We are also proud of the thought we put into efficiency and usability. Instead of simply sending every frame to a vision model, we designed a filtering pipeline to reduce redundancy and focus only on meaningful scene changes. We are especially proud that the project is not just a technical demo, but something grounded in a real accessibility problem with the potential for meaningful impact.

What we learned

We learned that building assistive technology is not only about model accuracy. It is just as much about timing, prioritization, interface design, and user trust. A technically impressive system is not enough if it overwhelms the user or delivers the wrong information at the wrong time.

We also learned how important it is to connect different systems into one smooth experience. Working across mobile development, backend processing, routing APIs, vision-language models, and speech synthesis taught us a lot about system design and how each part affects the user experience.
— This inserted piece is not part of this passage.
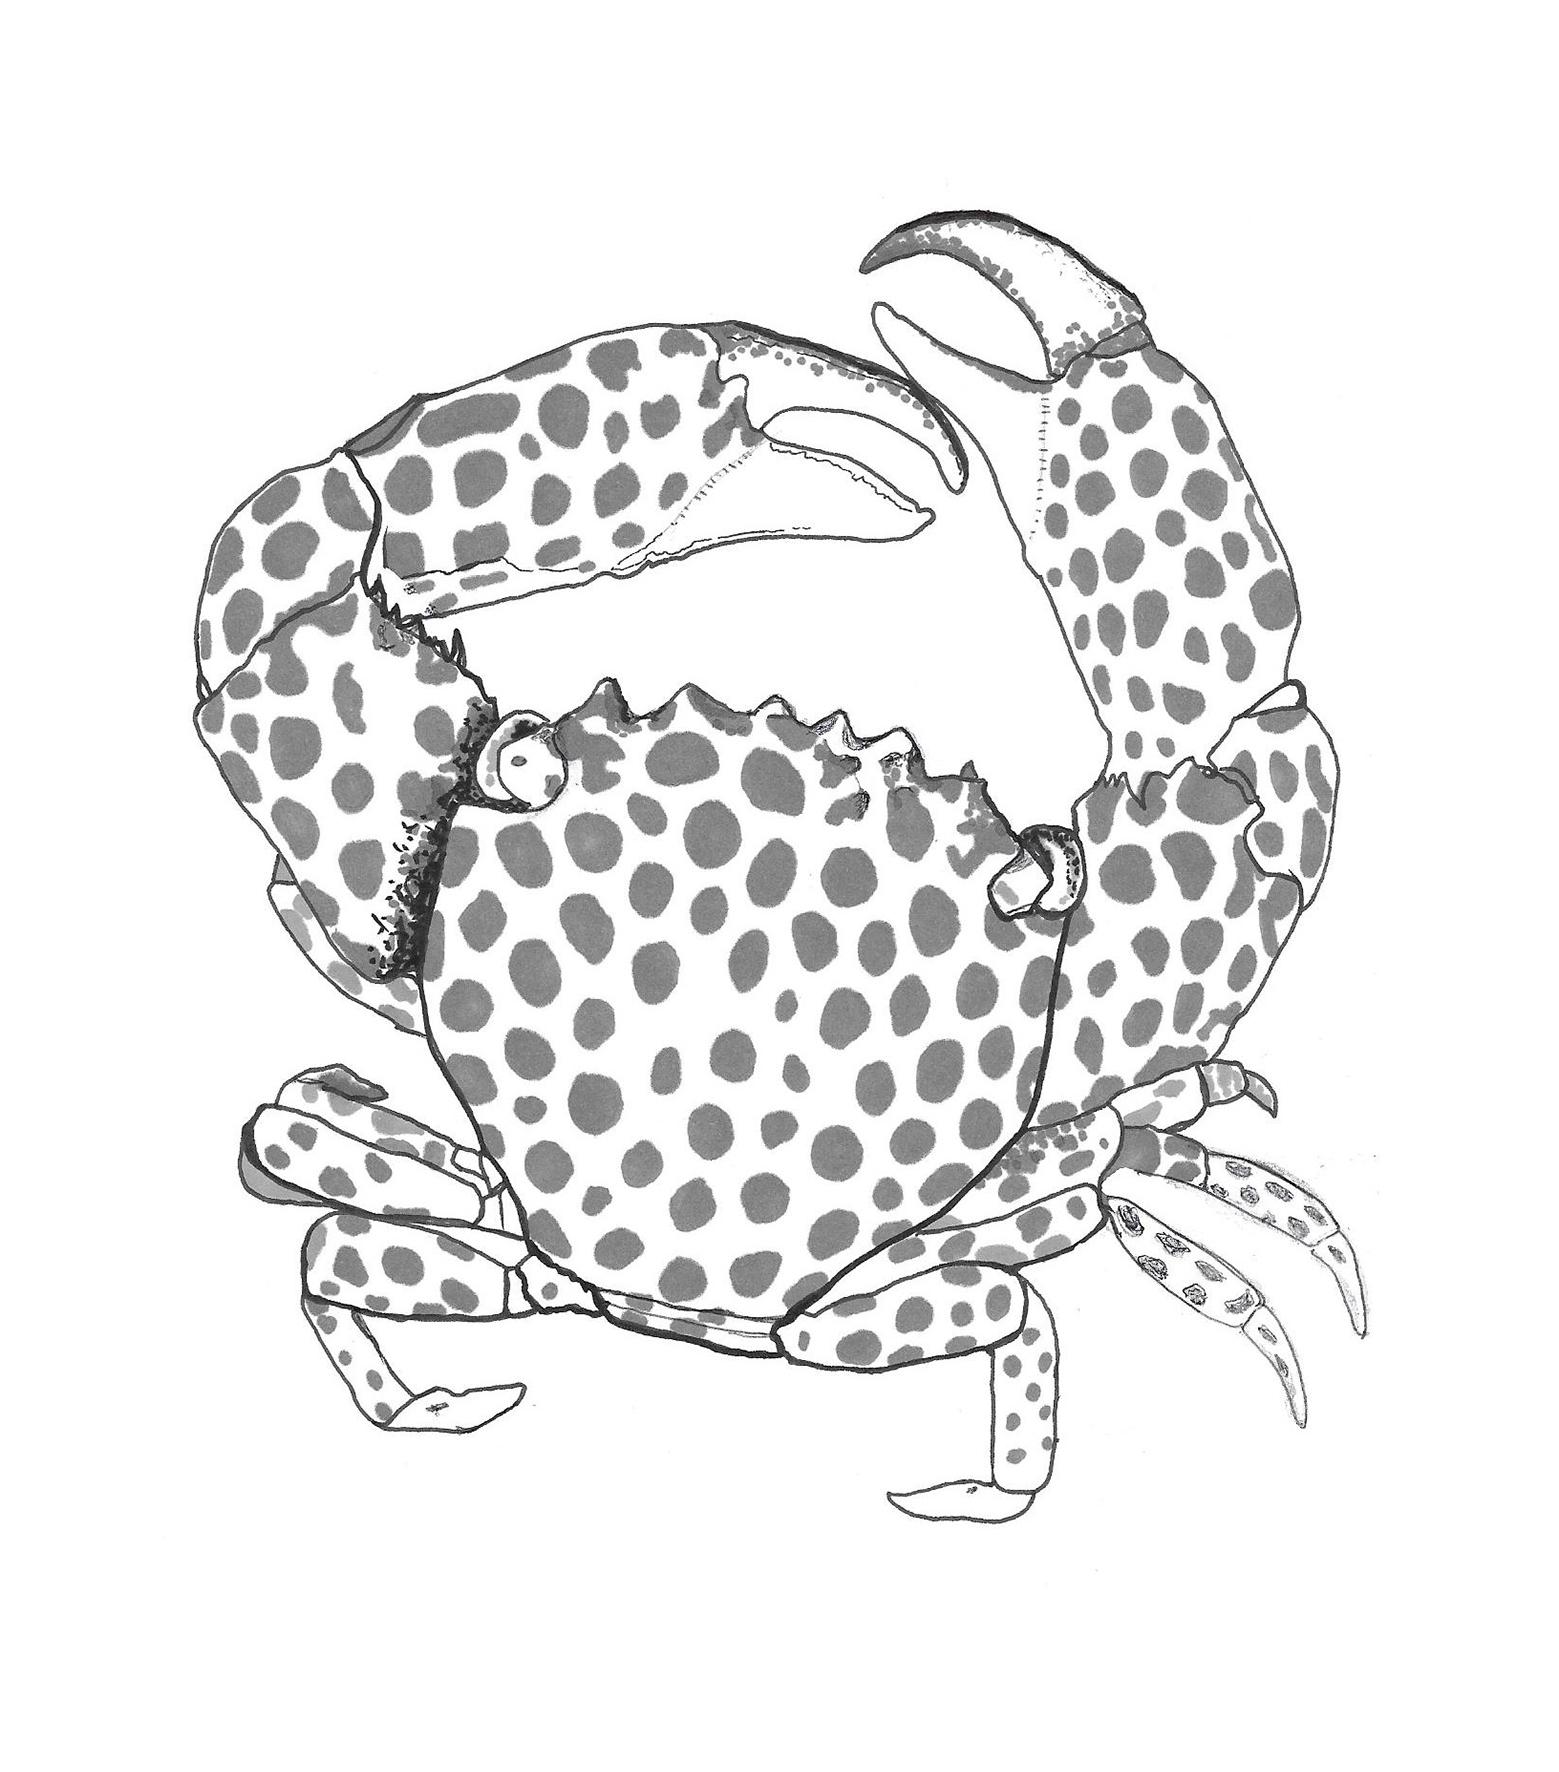 Whiten_crab_illustration_4whiteback.jpg

More broadly, we learned that accessibility products require a much deeper level of empathy and design discipline than we initially expected.

What's next for InSight

Our next step is to give InSight memory and stronger environmental awareness over time. We want the system to recognize familiar places, remember which objects are usually present, and highlight what is new or unusual in a scene. That would make the guidance more personalized and more context-aware.

We also want to improve navigation, reduce latency, and expand the range of interactions available through voice and Apple Watch. In the long term, we see InSight becoming a more reliable real-time companion for blind and low-vision users, helping them navigate with greater independence, awareness, and confidence.